I nodded and took a sip of the beer. “I’m drinking this.”

“That’s why I gave it to you. And if you want to offer me advice right back, here’s your chance. I opened the door.”

He leaned on the kitchen counter, crossing his ankles and his arms, a sly smile on his face. I wondered what he thought I would say. He certainly looked like he thought I was predictable. It was hard to study him, because I didn’t understand my reaction to him. Annoyance was still there, simmering under the surface, wanting to smack his arrogance off his face, but there were more complex feelings there now as well. An odd sort of kinship, attraction, definitely, and maybe something that if the thought didn’t make me want to throw up a little, tender.

It was that last one that prompted me to say, “Yes. I do have some advice. Use sunscreen on your face tomorrow. You don’t want to end up losing half your nose at forty from melanoma.”

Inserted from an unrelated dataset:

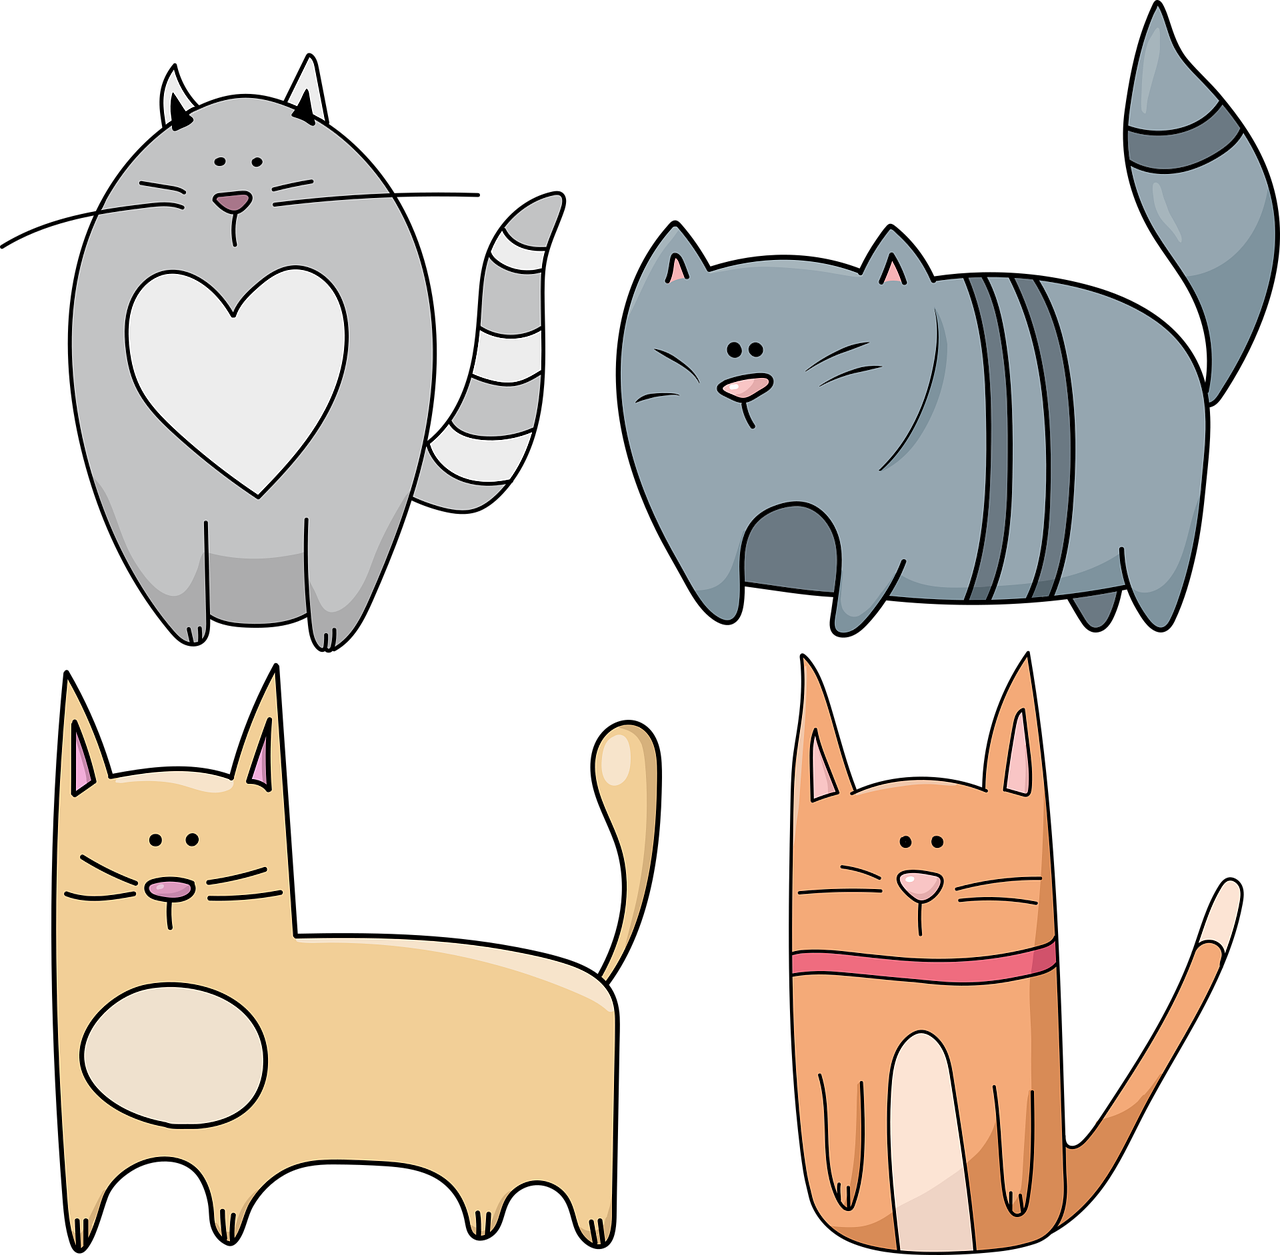 a group of cats standing next to each other, vector art, in front of a black background, different shapes and sizes, cartoon style illustration, a cat is smiling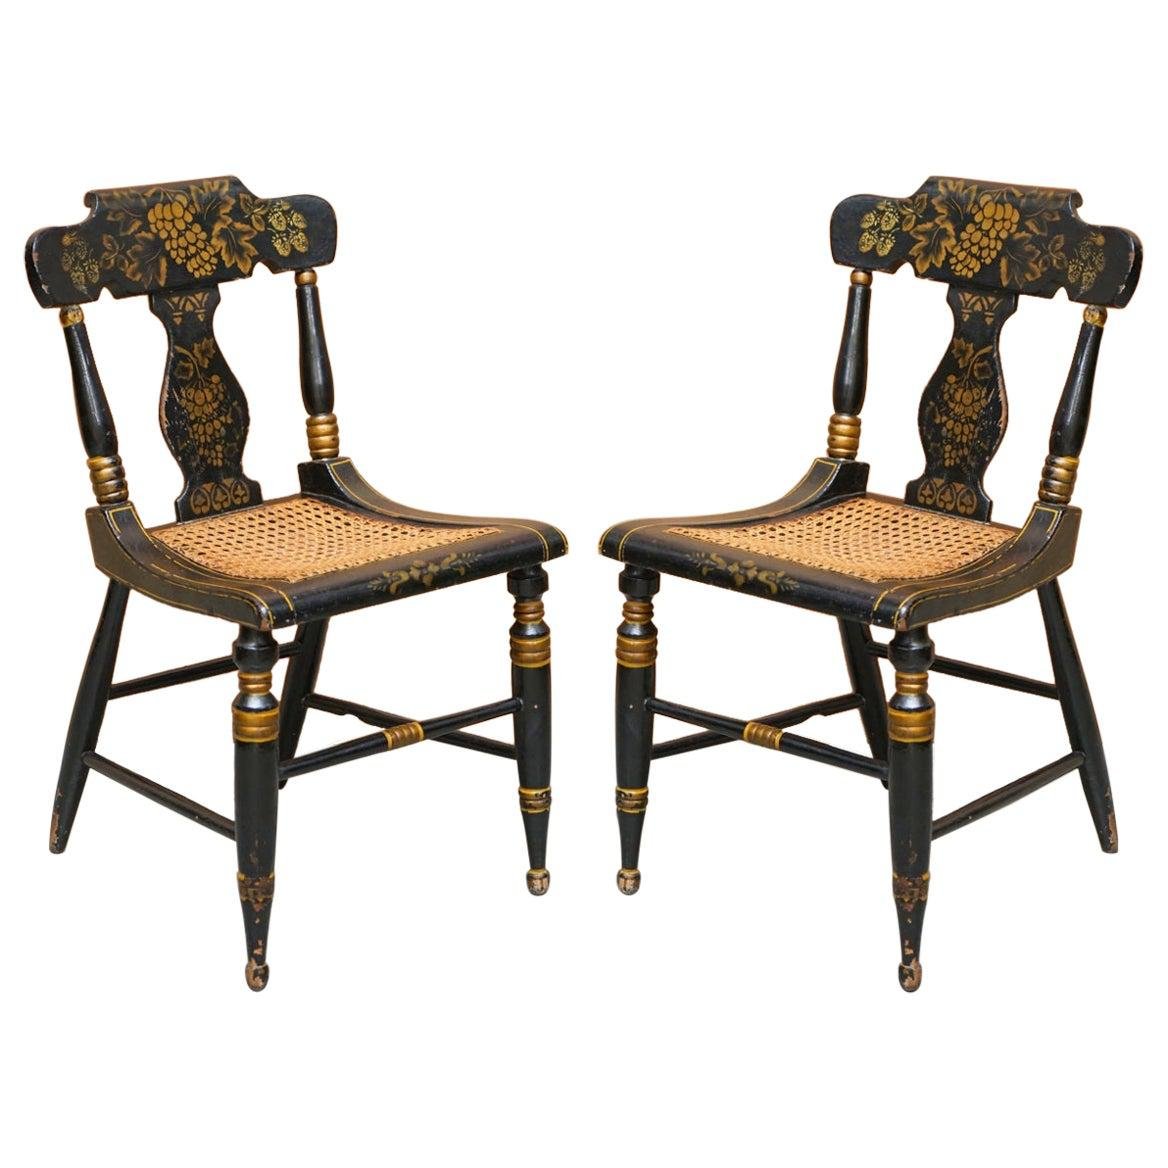 georgian baltimore ebonised painted gilt bergere side chairs 1820s set of 2 GZP-1007184

First his eyes widened in surprise, then he laughed, even as his finger came up to stroke over the red skin on his nose. “I didn’t see that one coming. Thanks, Mom. I’m going to go take a shower.” On his way out of the kitchen, he casually tapped the paint sample on the far left. “I like this one the best.”

That simple gesture made me feel a little gooey inside. So after he went to bed, I put my odor-free sunscreen bottle on the counter in the bathroom with a note that said Safety First <3.